The algorithm is O(n), but you are assuming that the arrays are equally sized and each one has a size of ARY_SIZE.

I will not solve the entire homework for you, but I suggest you start with the following function header: int compar2arr(int arrA[], int arrA_size, int arrB[], int arrB_size).

Keep in mind that for function arguments int arrA[] is merely equivalent to int* arrA.

As noted by Keith and Sebastian, arrA_size != arrB_size implies different (unless an author of the task defines it in other way).
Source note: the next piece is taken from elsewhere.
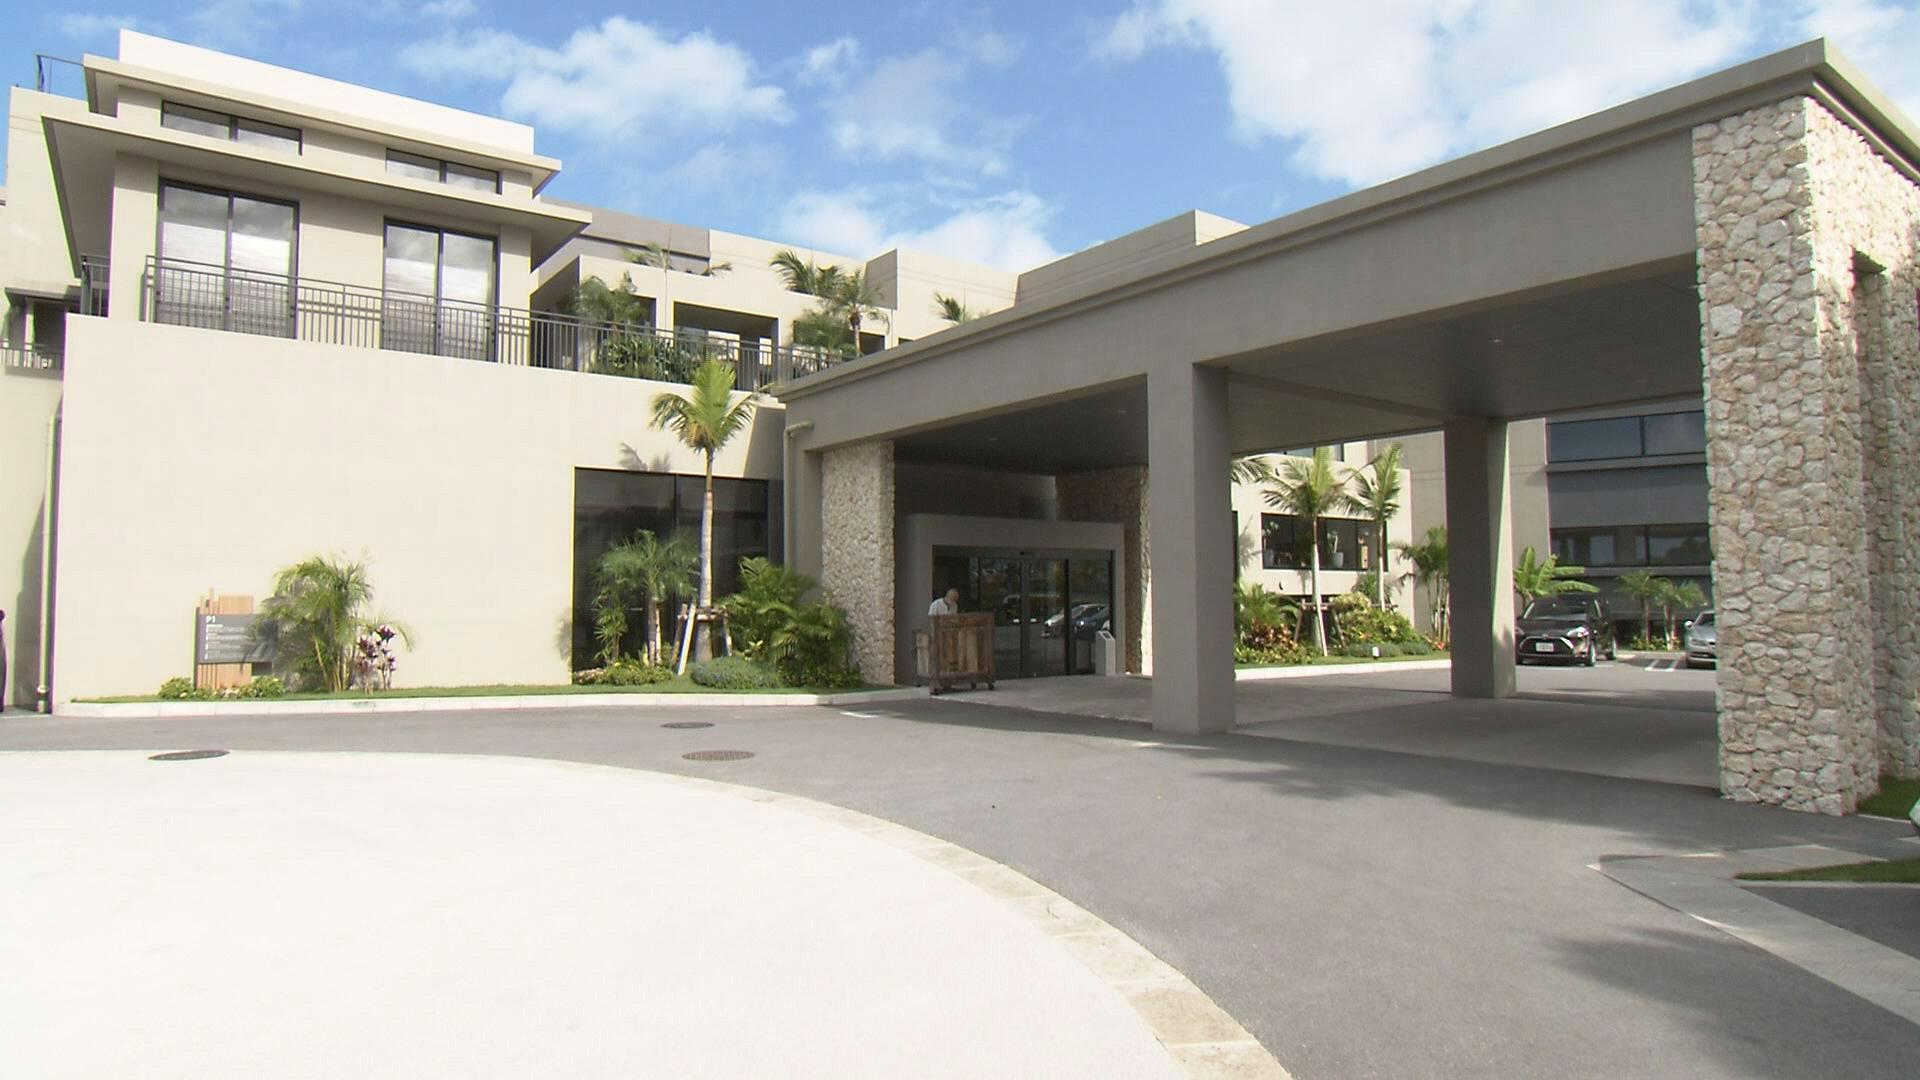 グランディスタイル 沖縄 読谷 ホテル&リゾート

So you check it at the begining and return false if it holds.

EDIT

Ok, I re-read your post and it seems you need to just display all the not-equal elements and you do not know how to deal with the fact they are of different sizes.

Therefore I suggest to start with the following:

int compar2arr(int arrA[], int arrA_size, int arrB[], int arrB_size)
{
   int smaller_size = // arrA_size or arrB size, the smaller one; 
   int higher_size = // arrA_size or arrB size, the higher one; 
   int *bigger_array;  
   int i;     
   int result = true;

   if (arrA_size > arrB_size)
       bigger_array = arrA;
   else
       bigger_array = arrB;

   for (i = 0; i < smaller_size; i++)
   {
      if (/* i-th elements are not(!!) equal */)
      {
         result = false;
         // print the values to be different
      }
   }

   if (smaller_size != higher_size)
     result = false;

   for (i = smaller_size; i < higher_size; i++)
   {
       // print bigger_array[i]
   }

   return result;
}

I am sure you can come up with the actual code to replace comments.
It is not the most concise way to write, but wanted to keep it easy to understand. Anyway, the computational complexity is O(n), the best possible.